↓
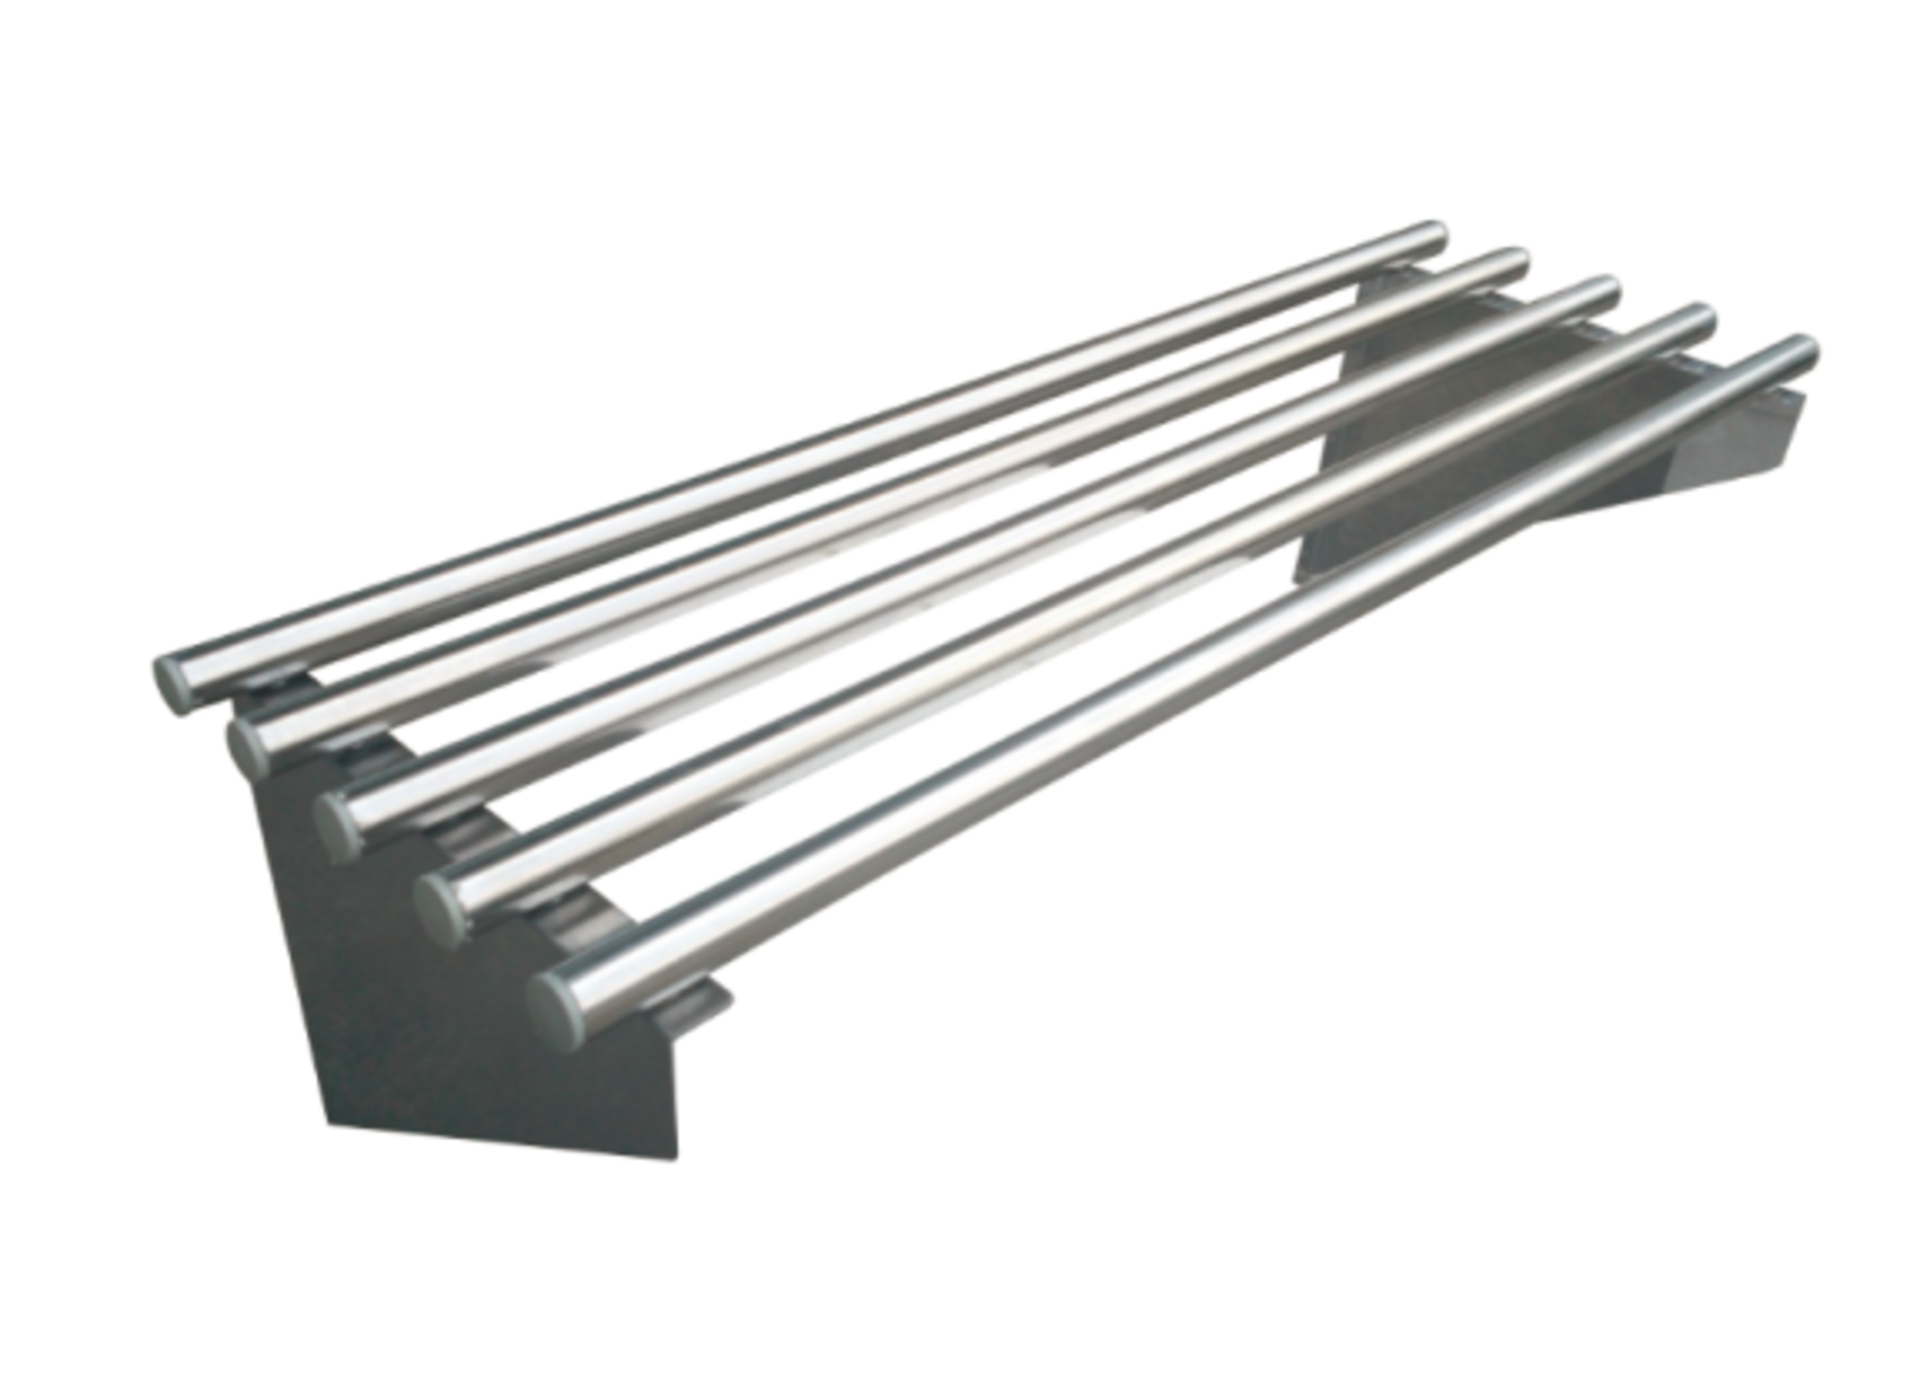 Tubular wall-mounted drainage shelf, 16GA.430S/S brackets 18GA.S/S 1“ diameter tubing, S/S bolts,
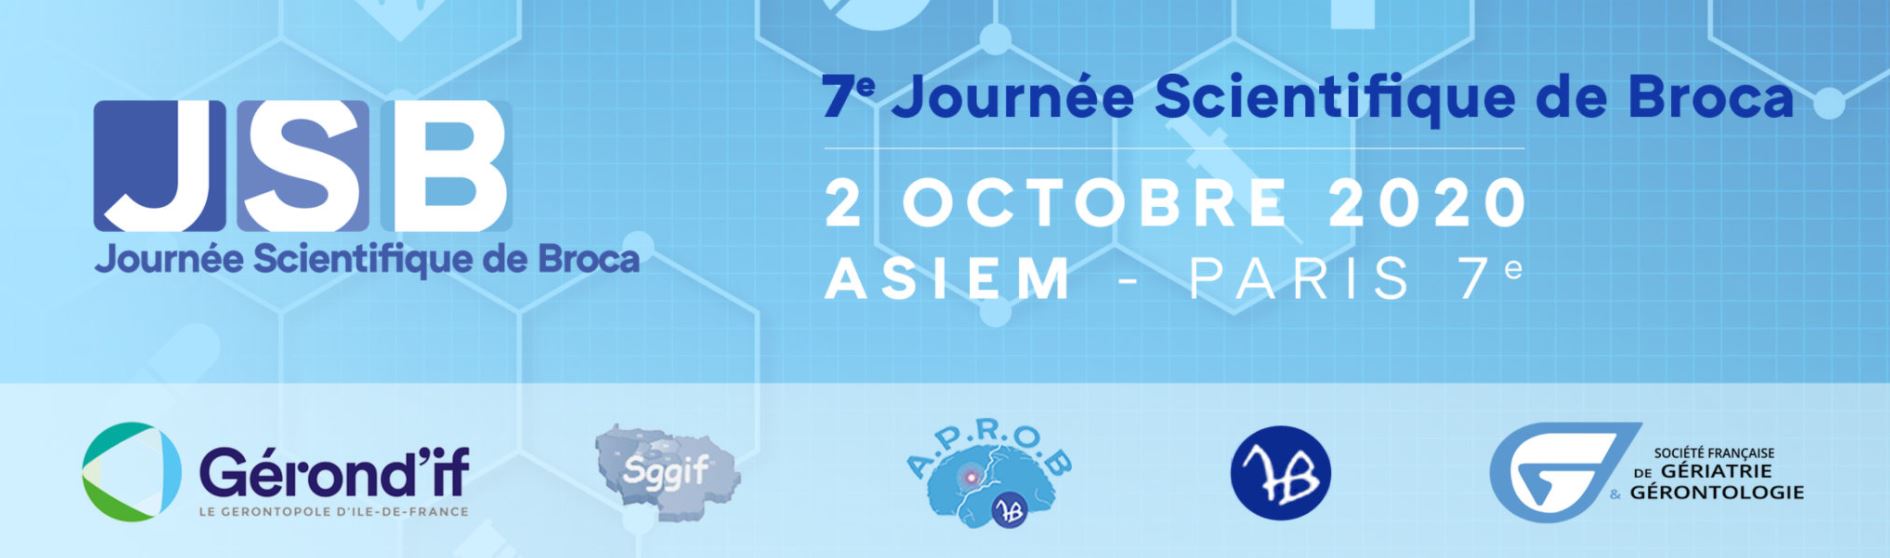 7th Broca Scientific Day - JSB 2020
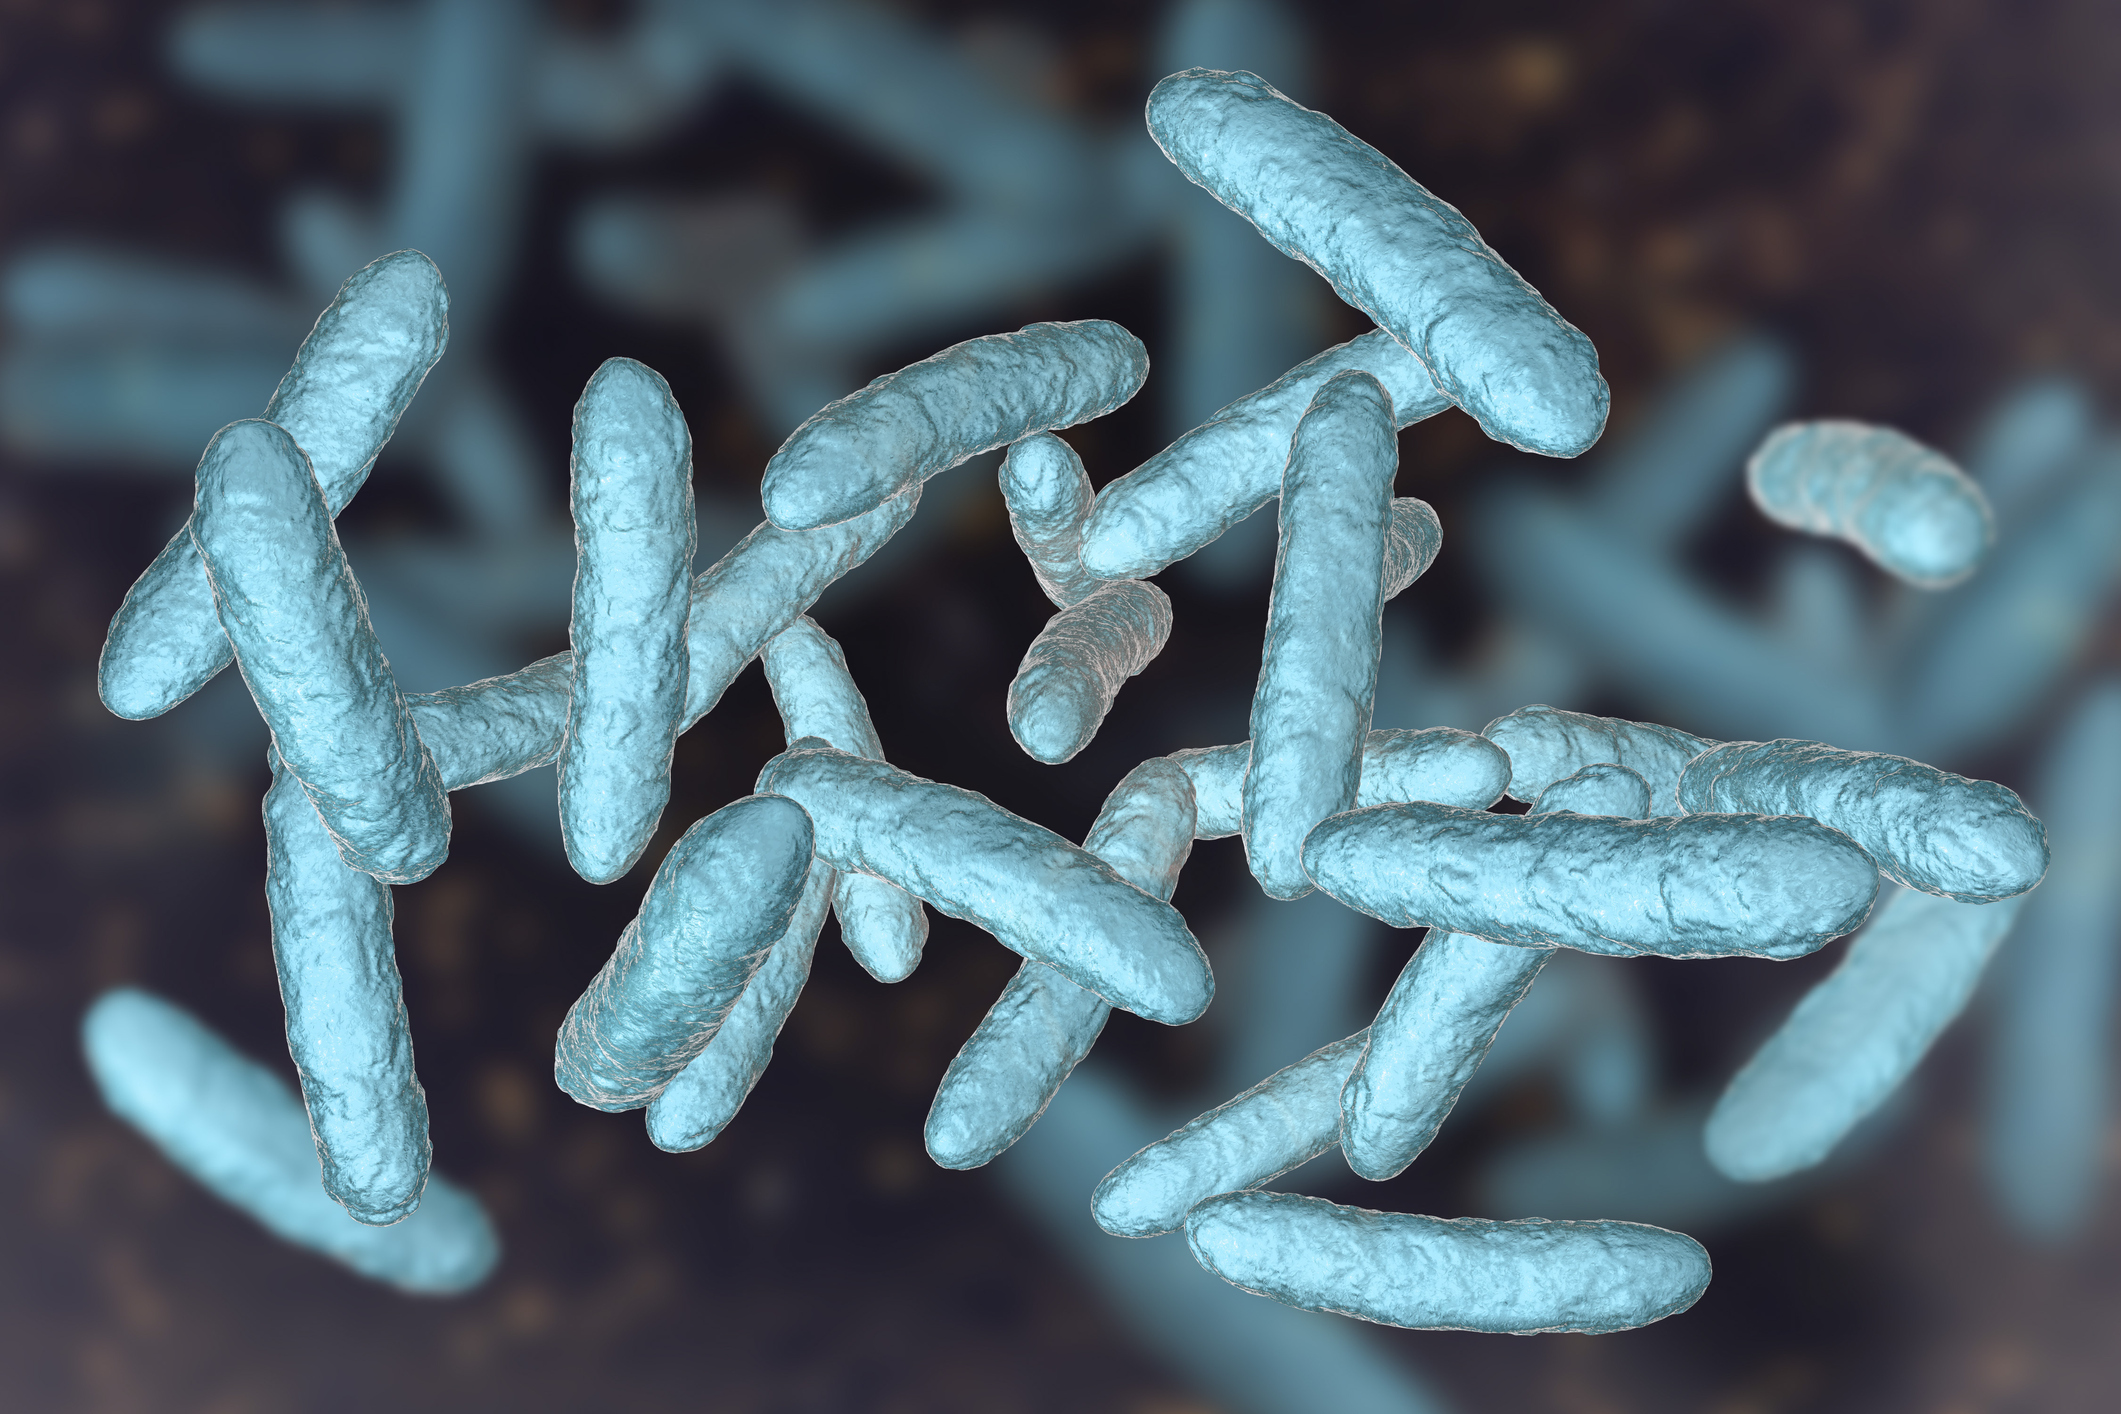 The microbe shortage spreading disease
↑
### EXERCISE GOAL
In the listing above, find the line containing "7th Broca Scientific Day - JSB 2020" and restate it and every later line verbatim, with the pictures left out.

### ANSWER TO THIS PROBLEM
 7th Broca Scientific Day - JSB 2020
 The microbe shortage spreading disease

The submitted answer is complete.